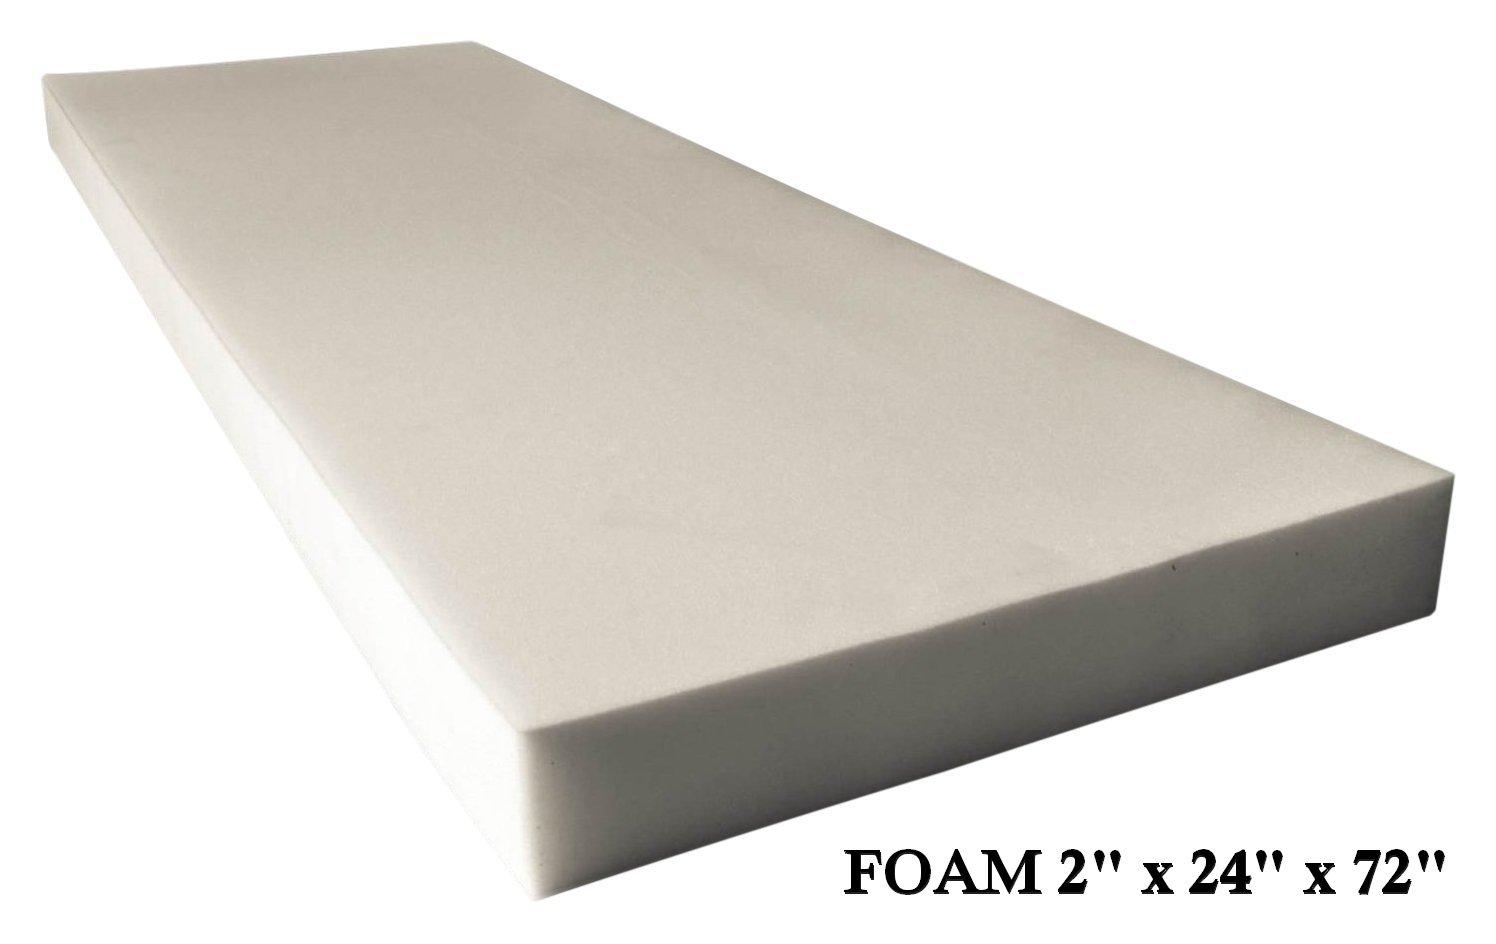 AK TRADING Upholstery Foam High Density Cushion (Seat Replacement, Foam Sheet, Foam Padding), 2'' H x 24'' W x 72'' L by AK TRADING
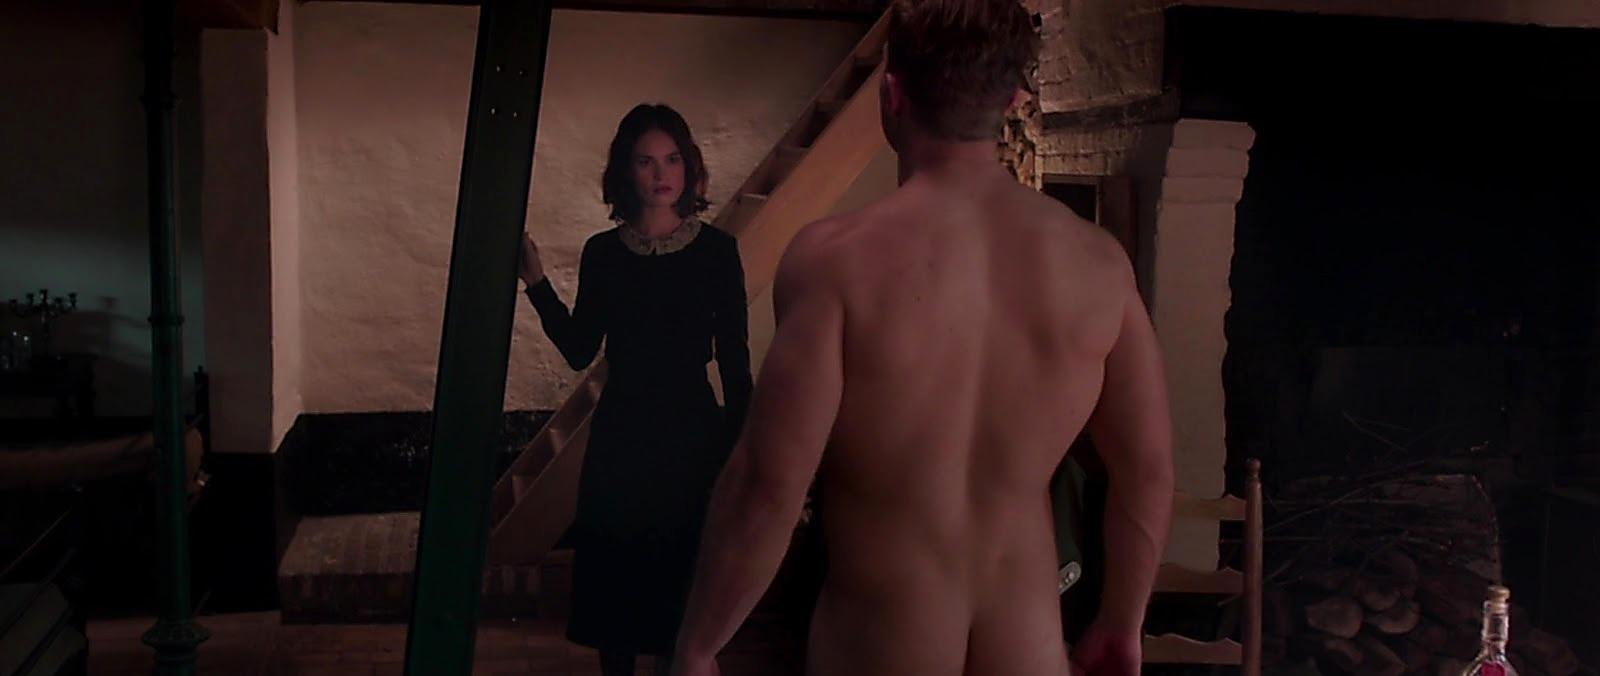 Jai Courtney sexy shirtless scene April 27, 2017, 11am
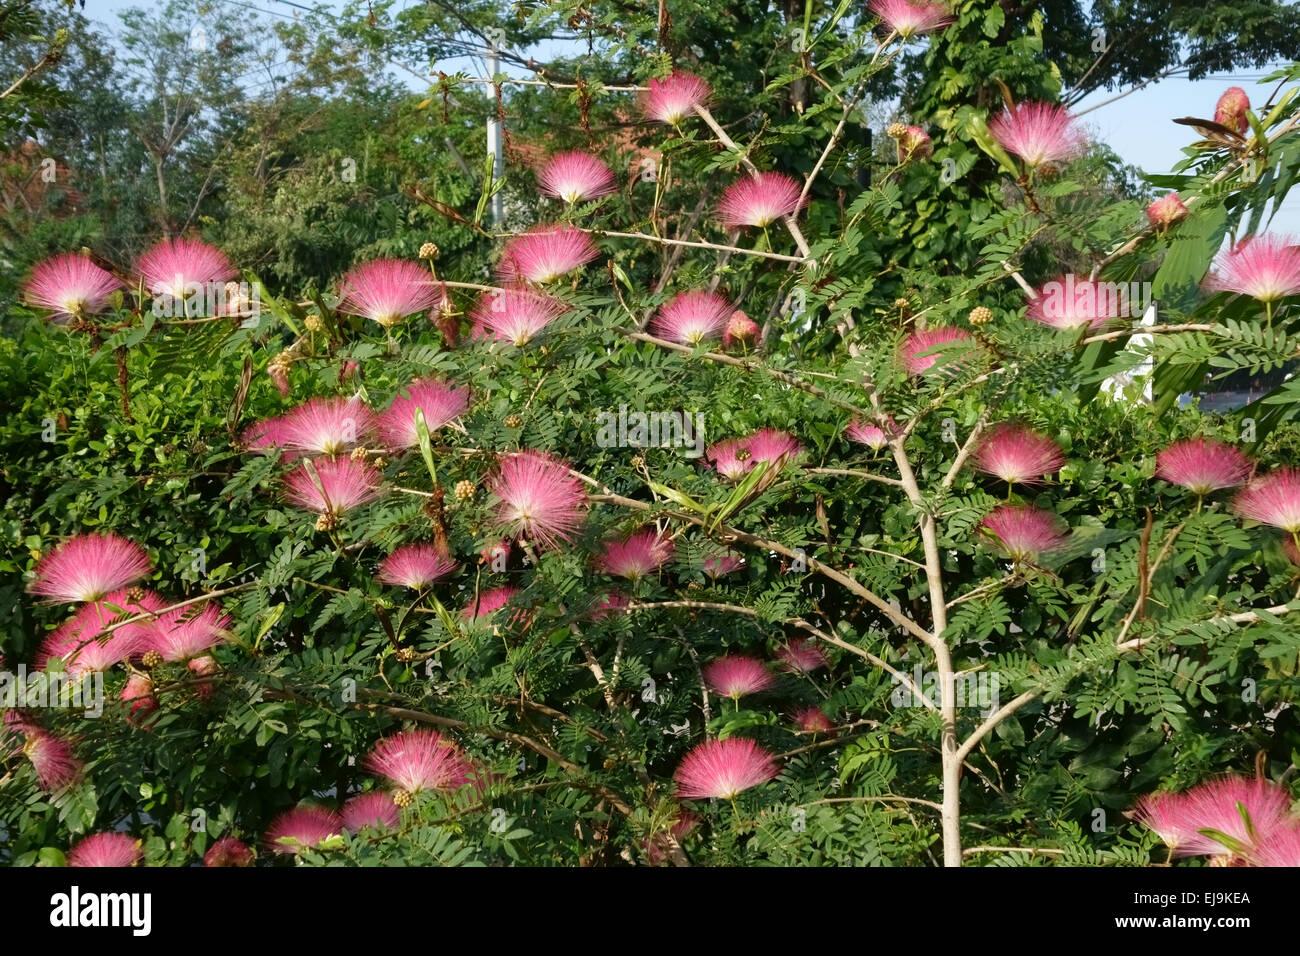 Pink silk tree persian silk tree or mimosa albizia julibrissin pink silk tree persian silk tree or mimosa albizia julibrissin flowers on a fast growing ornamental shrub nonthaburi thaila mightylinksfo

# Work to be completed:
Please output the listing above exactly from its first line through the line with "Jai Courtney sexy", both included, and nothing beyond that line. Omit pictures.

# Response area:
 AK TRADING Upholstery Foam High Density Cushion (Seat Replacement, Foam Sheet, Foam Padding), 2'' H x 24'' W x 72'' L by AK TRADING
 Jai Courtney sexy shirtless scene April 27, 2017, 11am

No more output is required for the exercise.